=== TASK STATEMENT ===
Your answer should be the full data, transcribed exactly, with no pictures in it.

*** Opening of DATA PROVIDED ***

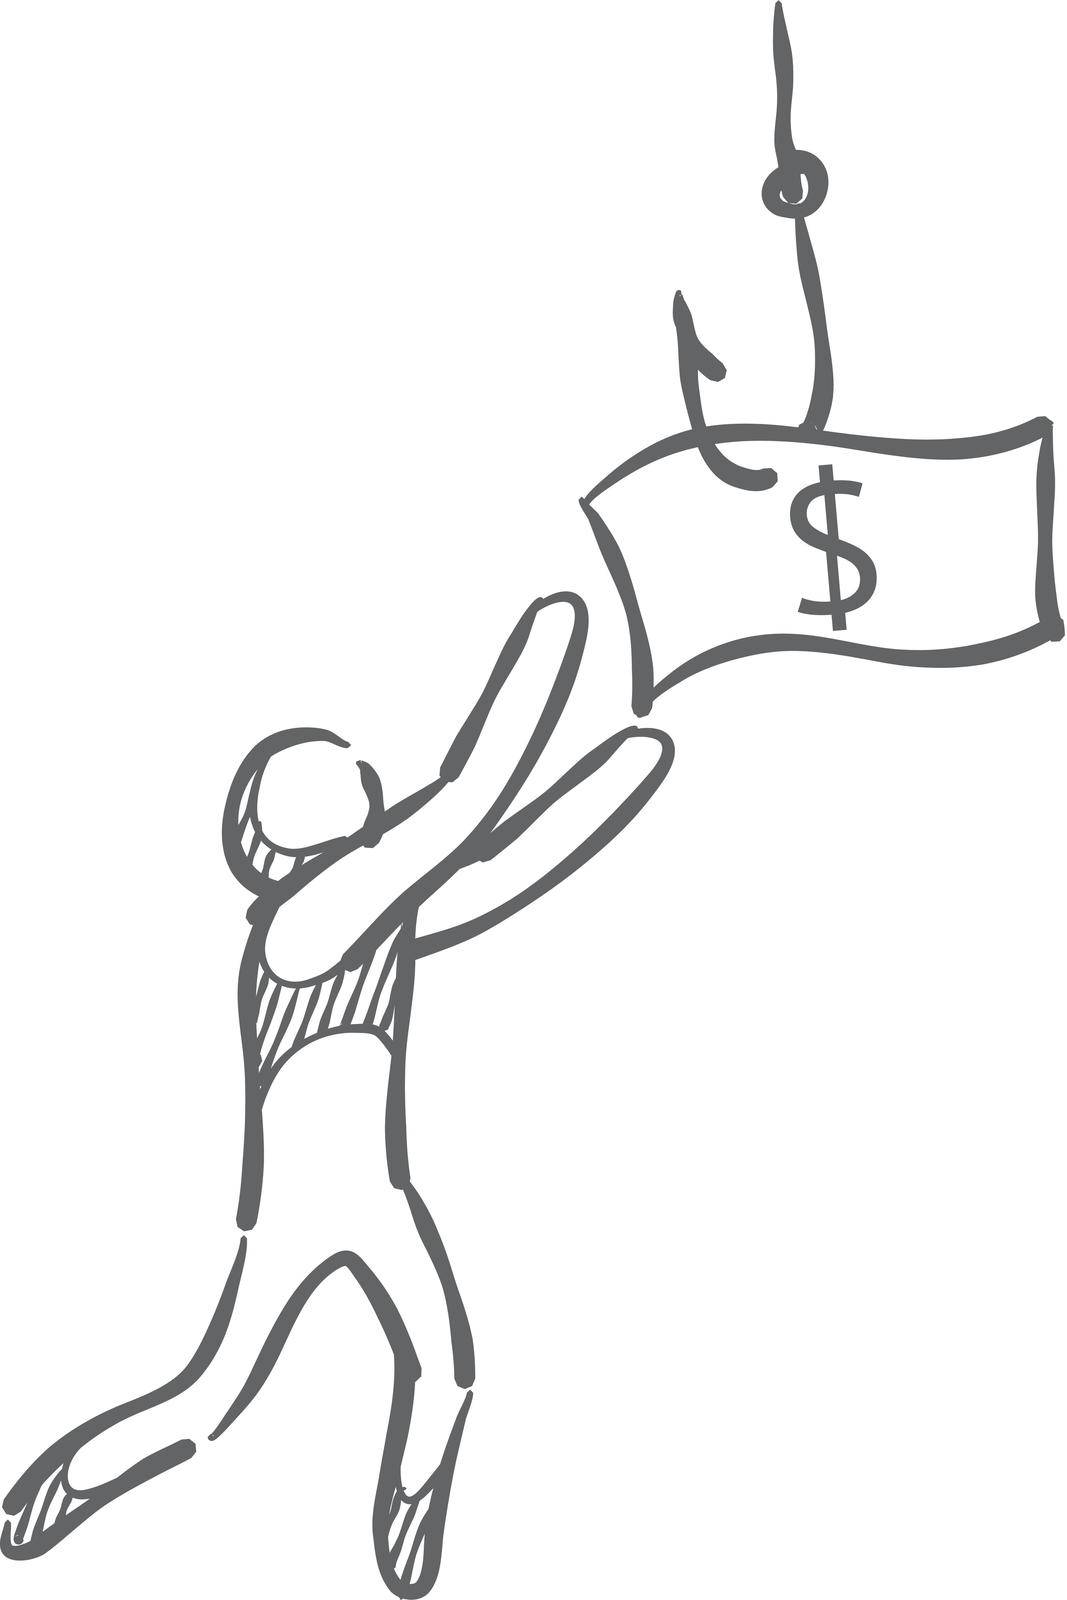 Man chasing dollar bait icon in sketch style. Vector illustration. by puruan
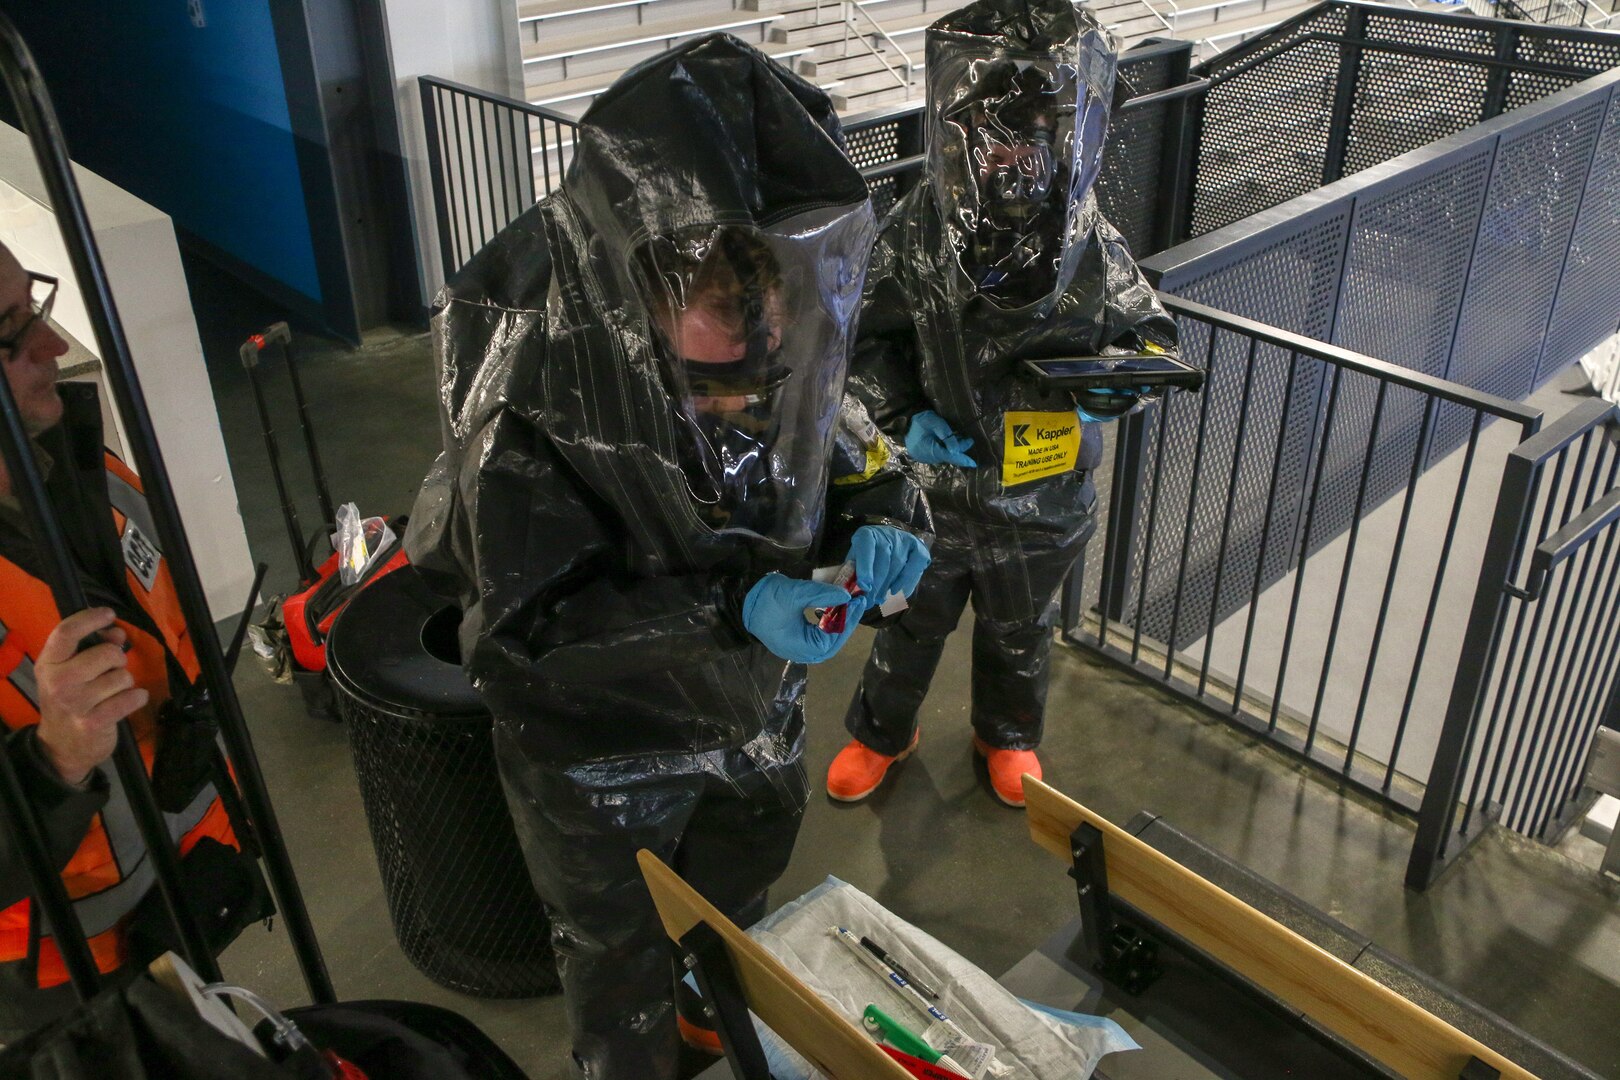 Virginia National Guard Soldiers and Airmen assigned to the Fort Pickett-based 34th Civil Support Team participate in collective lanes training Jan. 26, 2023, at the Virginia Beach Sports Center in Virginia Beach, Virginia. The 34th CST supports first responders during potential hazardous materials incidents.
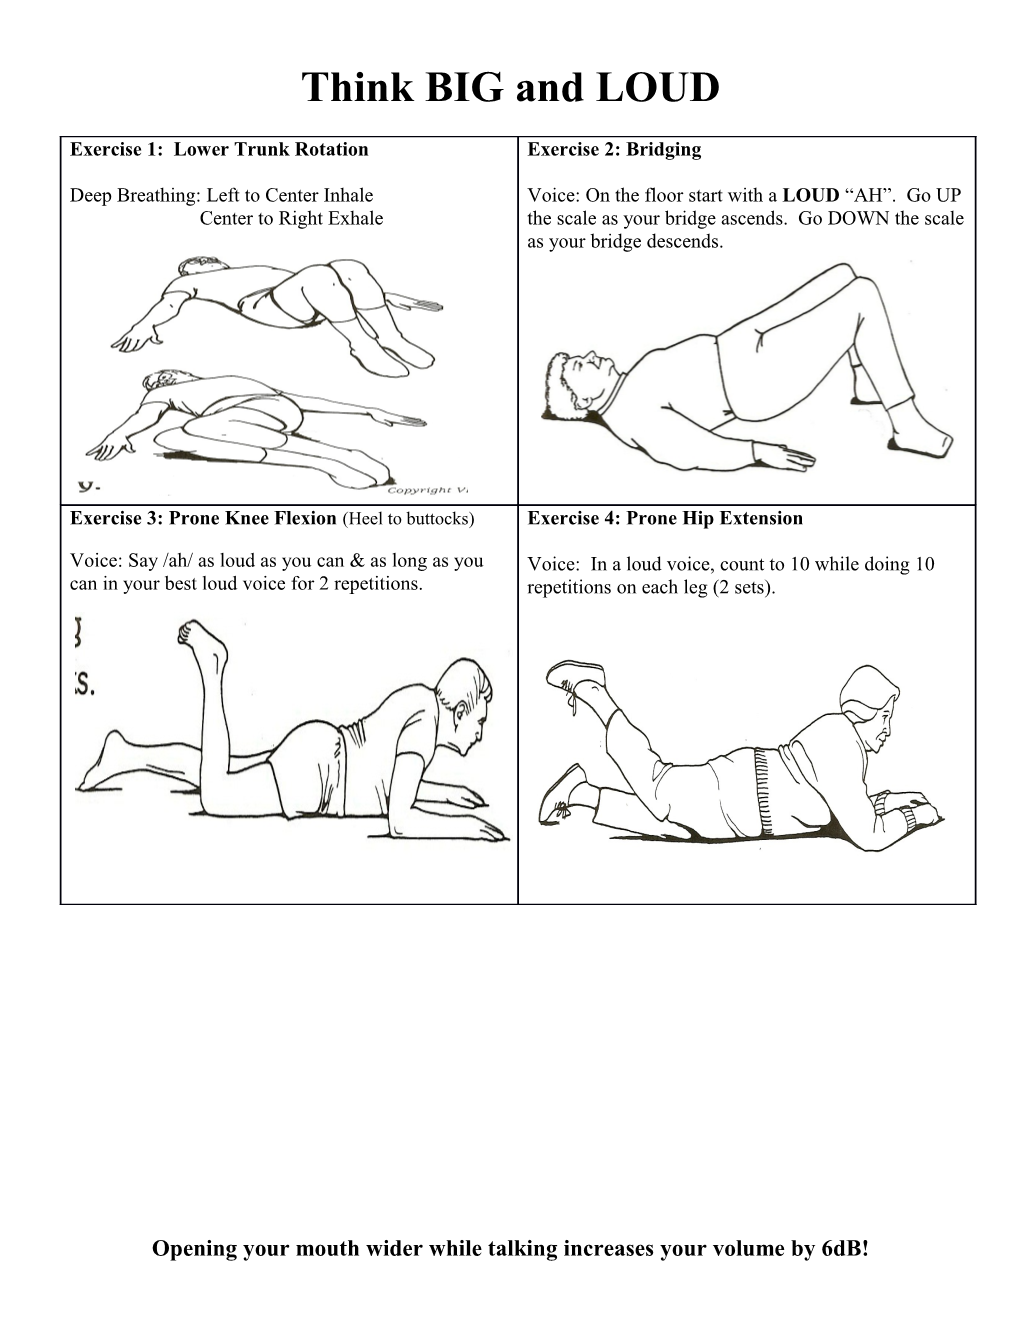 Exercise 1: Lower Trunk Rotation

*** Close of DATA PROVIDED ***

=== OUTPUT OF THE EXERCISE ===
 Man chasing dollar bait icon in sketch style. Vector illustration. by puruan
 Virginia National Guard Soldiers and Airmen assigned to the Fort Pickett-based 34th Civil Support Team participate in collective lanes training Jan. 26, 2023, at the Virginia Beach Sports Center in Virginia Beach, Virginia. The 34th CST supports first responders during potential hazardous materials incidents.
 Exercise 1: Lower Trunk Rotation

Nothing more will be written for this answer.